CAS Key Laboratory of Environmental Biotechnology, Research Center for Eco-Environmental Sciences, Chinese Academy of Sciences, Beijing 100085, China; Key Laboratory of Industrial Ecology and Environmental Engineering (Ministry of Education), School of Environmental Science and Technology, Dalian University of Technology, Dalian, Liaoning 116024, China.
CAS Key Laboratory of Environmental Biotechnology, Research Center for Eco-Environmental Sciences, Chinese Academy of Sciences, Beijing 100085, China; College of Resources and Environment, University of Chinese Academy of Sciences, Beijing 100049, China; Institute for Marine Science and Technology, Shandong University, Qingdao, China.
Sci Total Environ. 2021 May 1;767:144966. doi: 10.1016/j.scitotenv.2021.144966. Epub 2021 Jan 30.
Due to the massive quantity and broad phylogeny, an accurate measurement of microbial diversity is highly challenging in soil ecosystems. Initially, the deviation caused by sampling should be adequately considered. Here, we attempted to uncover the effect of different sampling strategies on α diversity measurement of soil prokaryotes. Four 1 m sampling quadrats in a typical grassland were thoroughly surveyed through deep 16S rRNA gene sequencing (over 11 million reads per quadrat) with numerous replicates (33 soil sampling cores with total 141 replicates per quadrat). We found the difference in diversity was relatively small when pooling soil cores before and after DNA extraction and sequencing, but they were both superior to a non-pooling strategy. Pooling a small number of soil cores (i.e., 5 or 9) combined with several technical replicates is sufficient to estimate diversities for soil prokaryotes, and there is great flexibility in pooling original samples or data at different experimental steps. Additionally, the distribution of local α diversity varies with sampling core number, sequencing depth, and abundance distribution of the community, especially for high orders of Hill diversity index (i.e., Shannon entropy and inverse Simpson index). For each grassland soil quadrat (1 m), retaining 100,000 reads after taxonomic clustering might be a realistic option, as these number of reads can efficiently cover the majority of common species in this area. Our findings provide important guidance for soil sampling strategy, and the general results can serve as a basis for further studies.
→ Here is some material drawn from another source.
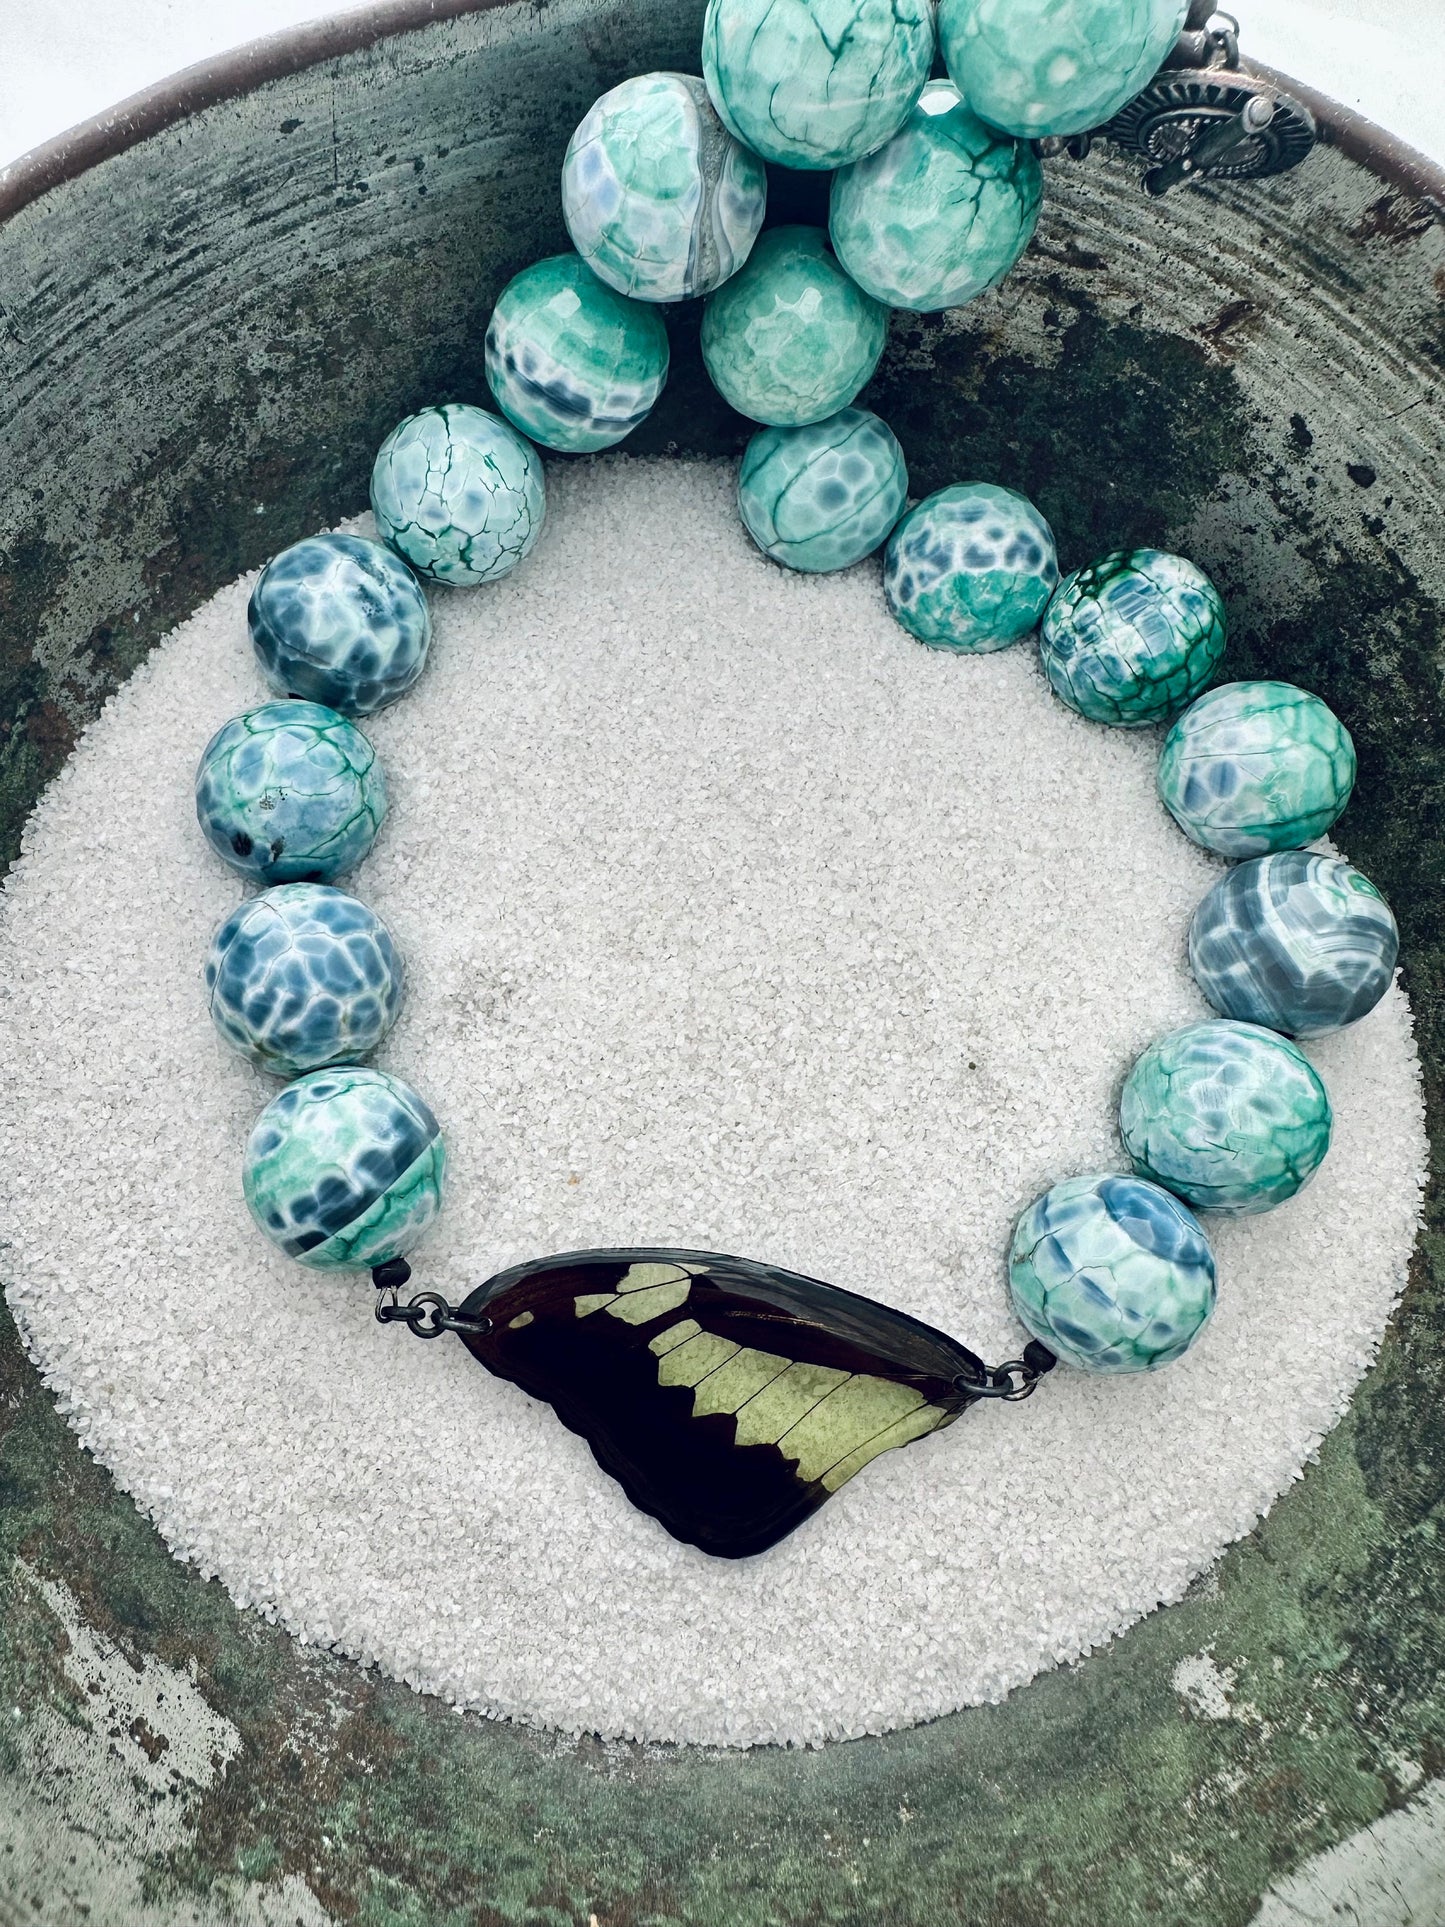 Real Green Apple Swallowtail Butterfly Necklace (Papilio phorcas) with Giant Faceted Blue Lace Agate Beads and Sterling Silver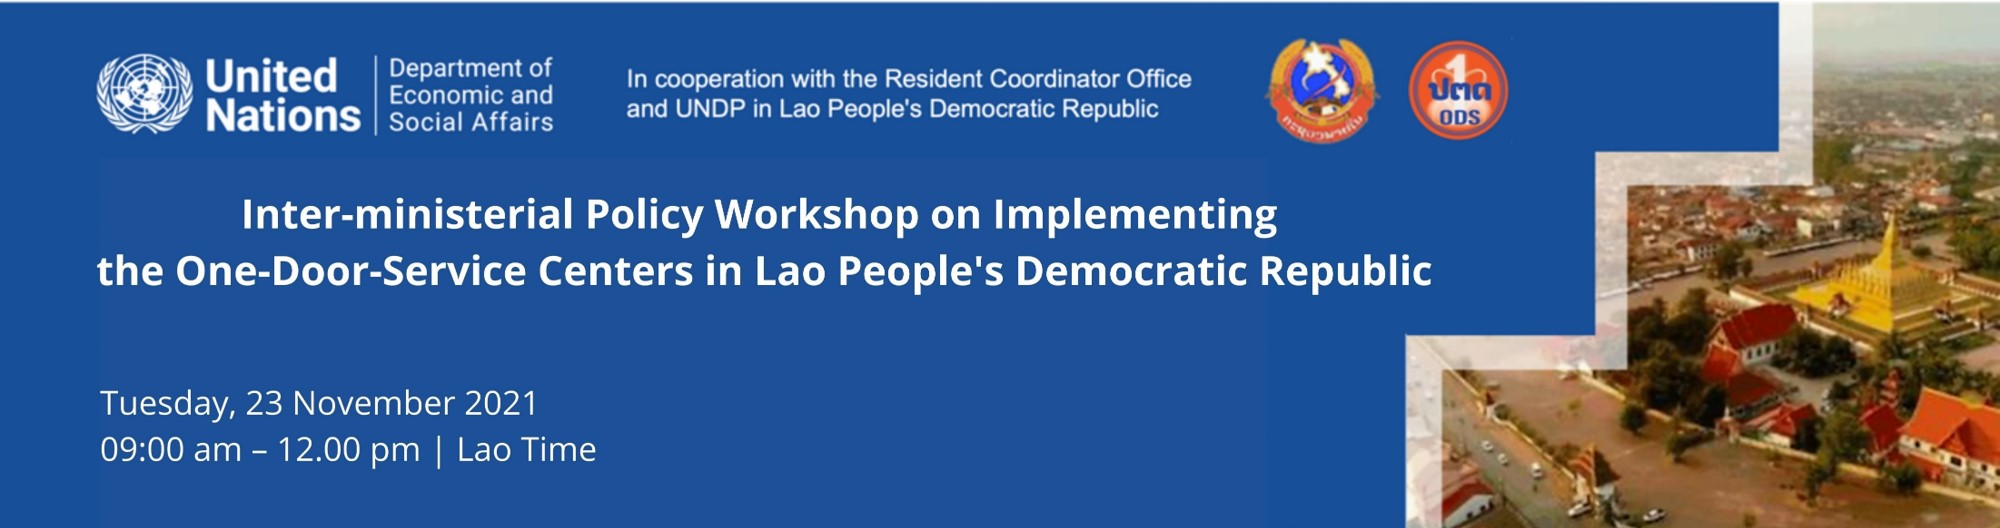 Inter-Ministerial Policy Workshop on Implementing the One-Door-Service Centers (ODSCs) in Lao

由于微生物的数量庞大且具有广泛的系统发育,因此准确测量土壤生态系统中的微生物多样性极具挑战性。首先,应充分考虑采样带来的偏差。在这里,我们试图揭示不同采样策略对土壤原核生物α多样性测量的影响。在一个典型的草原中,我们对四个 1 m 的采样小区进行了彻底调查,通过深度 16S rRNA 基因测序(每个小区超过 1100 万条读长)进行了大量重复(每个小区 33 个土壤采样芯,总共 141 个重复)。我们发现,在提取和测序前以及提取和测序后对土壤芯进行混合时,多样性的差异相对较小,但都优于非混合策略。混合少量土壤芯(即 5 或 9 个)并结合多个技术重复足以估计土壤原核生物的多样性,并且在混合原始样本或在不同实验步骤的数据方面具有很大的灵活性。此外,局部α多样性的分布随采样芯数量、测序深度和群落的丰度分布而变化,特别是对于高阶 Hill 多样性指数(即 Shannon 熵和 Simpson 倒数指数)。对于每个草原土壤小区(1 m),在分类聚类后保留 100,000 条读长可能是一个现实的选择,因为这些读长数量可以有效地覆盖该地区的大多数常见物种。我们的研究结果为土壤采样策略提供了重要的指导,并且一般结果可以作为进一步研究的基础。